Repeal of Vero Beach water, sewer rate increases fails

VERO BEACH — Unless the Vero City Council takes the issue up again at a later date, the more than $13 million in cumulative water and sewer increases scheduled for the next five years will remain in place.

With Vice Mayor Sabin Abell out sick and Councilman Tom White having left the meeting to speak at a Rotary Club luncheon, a unanimous vote of the remaining three — Mayor Kevin Sawnick, Councilman Brian Heady and Councilman Ken Daige — was needed to approve the measure.

 

  Heady, for several reasons, was not convinced. He grilled Water and Sewer Director Rob Bolton about the potential impact on city property taxpayers.

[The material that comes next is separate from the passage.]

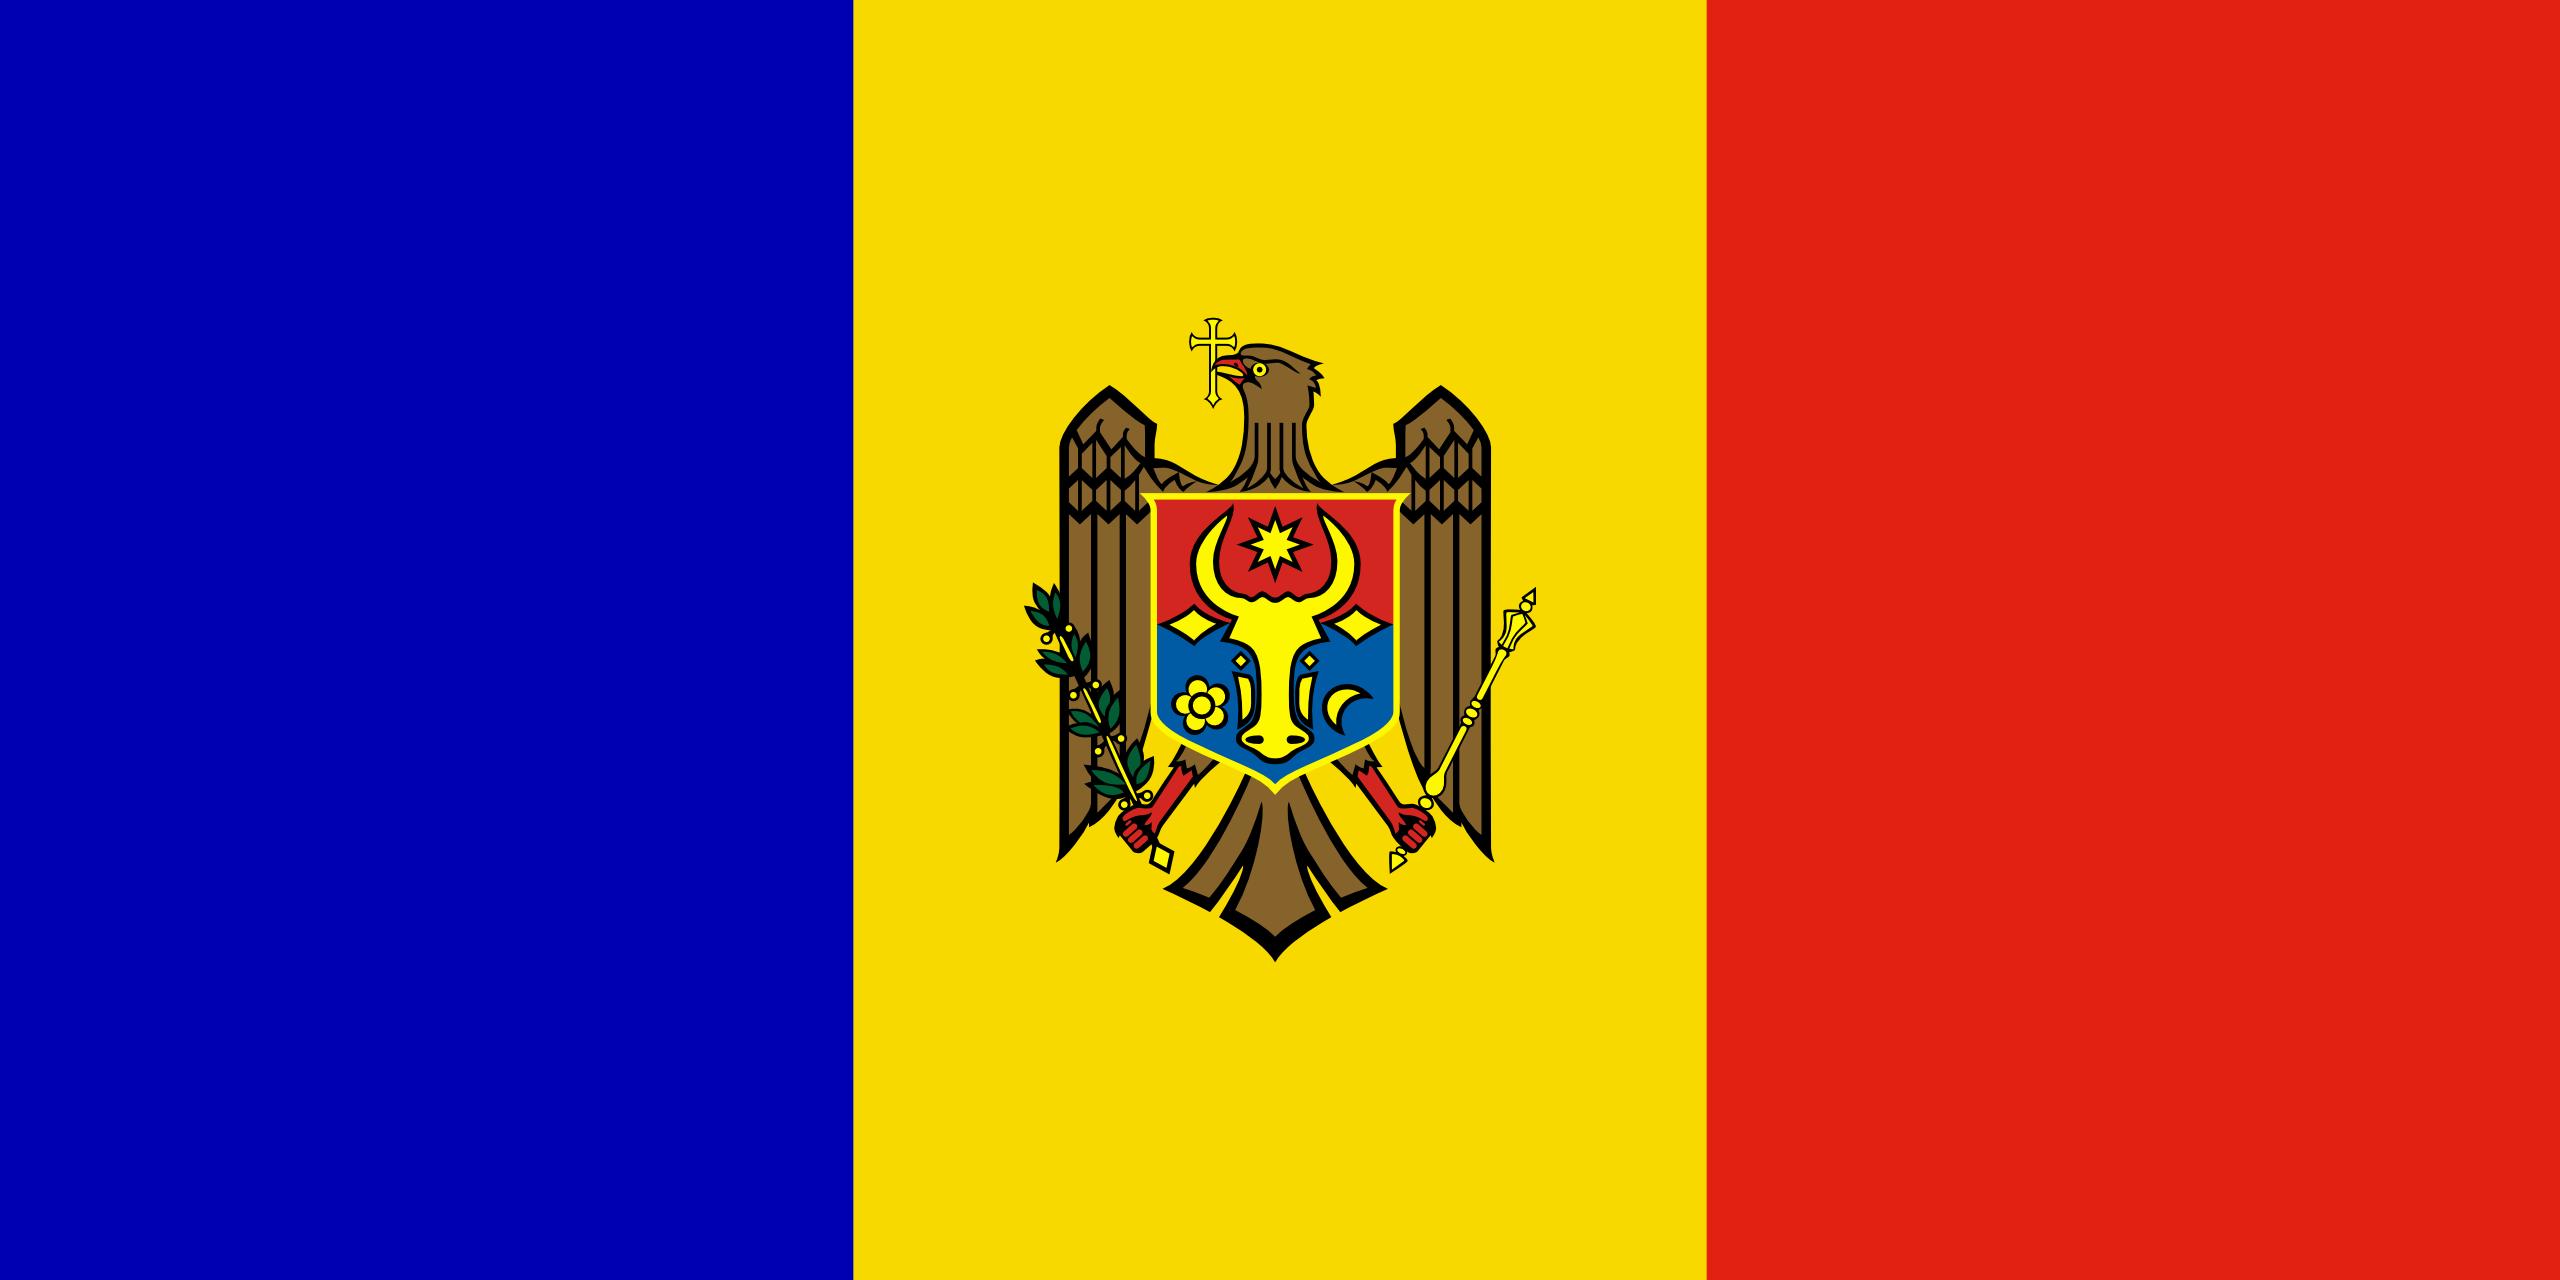 Молдова, страна, Эмблема, логотип, символ - Обои HD - Профессор falken.com

“We did a study to show that we needed these increases and there’s no comprehensive report that we have that shows that we don’t need them,” Heady said.

City staff said the move to repeal the rate increases was about three weeks in the making, yet neither Water and Sewer Director Rob Bolton nor retiring Finance Director Steve Maillet did not have time to submit a written plan of how the city would survive minus $1.2 million in revenue in the coming year, or millions more in years to come.

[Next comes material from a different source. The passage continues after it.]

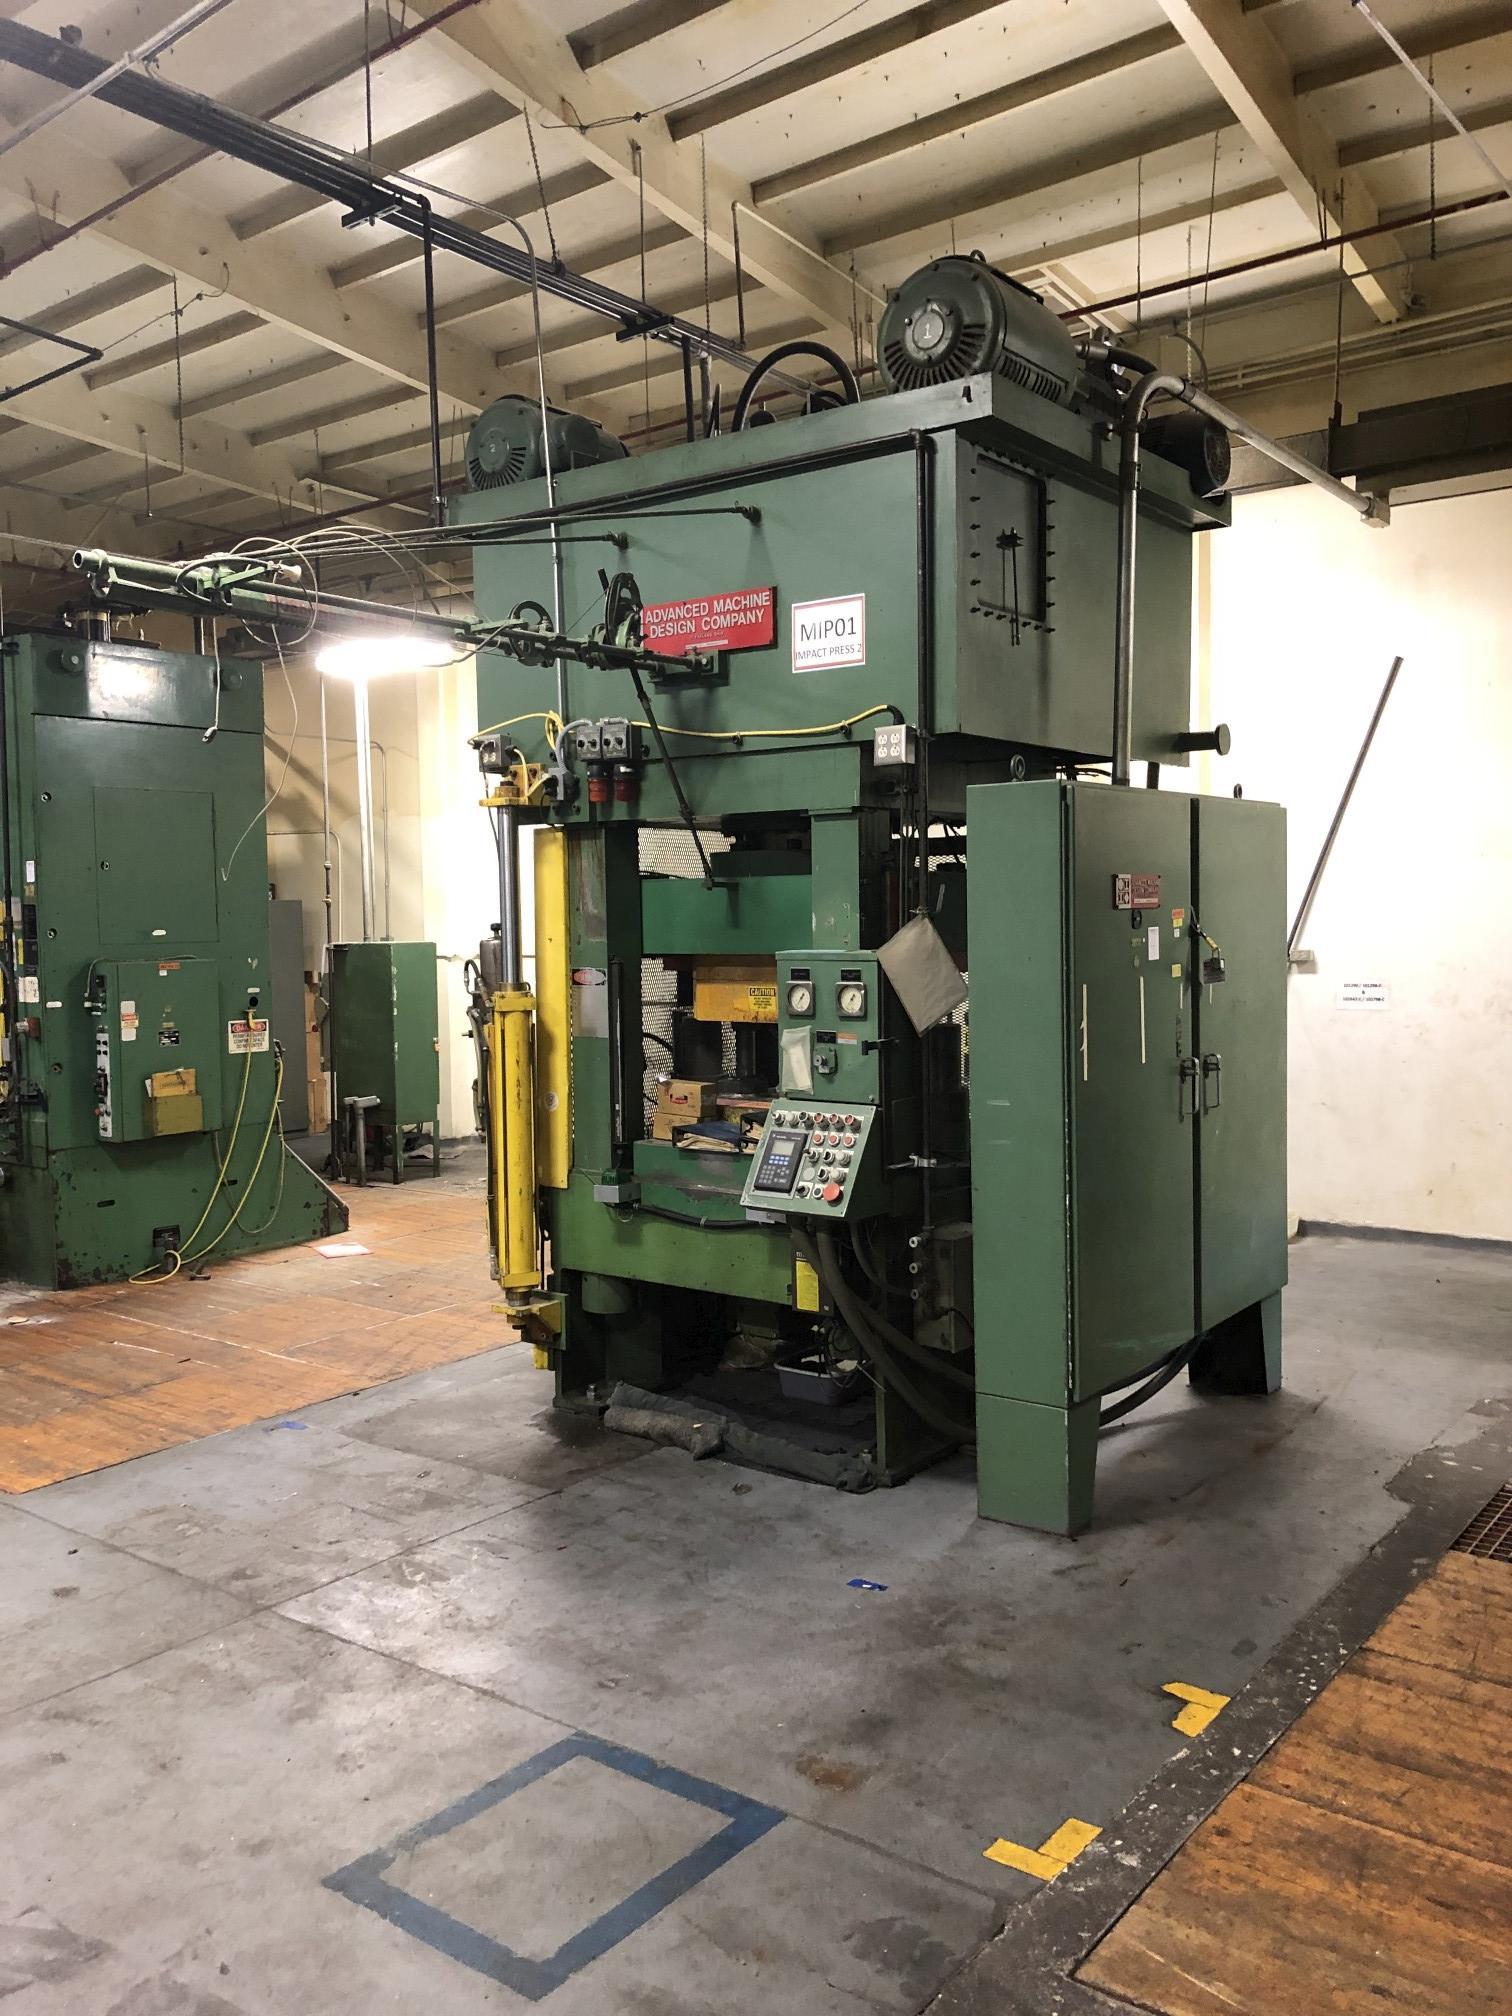 570 Ton Advanced Machine Design Straight Side Press - Image 3 of 15

To cut expenses, Bolton also said he had eliminated some open positions and, due to some retirements, more staff would be cut from the budget in the fall.

Without giving dollar figures, Bolton said he was also proposing delayed capital improvements to the city’s reverse osmosis plant and further delaying another reverse osmosis train due to reduced water consumption. The rate increases would have allowed the city to build up the 90-day operating cash reserve that bonding agencies like to see in order to issue municipal bonds.

Instead, Bolton said the city could create a “sinking fund,” putting money away to eventually pay for the improvements in cash.

The current operating cash in the fund ranges month to month from zero to about $500,000, Bolton said.

The water and sewer enterprise fund is already nearly $25 million in debt. Heady said the rate increases should be used to pay down that debt, in preparation for the possibility that the city would lose 38 percent of its customers when franchise agreements with the Town of Indian River Shores and the county expire in 2016 and 2017, respectively.

“The payments are $1.46 million (per year) on the $14 million bond and on the loan, the State Revolving Fund, are $560,000 next year,” Bolton said.

Heady also was against the measure because he felt it was only postponing the inevitability of rate increases, not eliminating them. He said the burden, down the road, would need to be shouldered by city taxpayers and potentially by only city residents should the county and Shores pull out of the system.

Daige strongly disagreed with the council’s failure to act.

“I understand what Mr. Heady is saying, these are concerns we need to think about in the future, but now we need to pass this,” Daige said, adding that ratepayers are suffering with bills they can’t pay.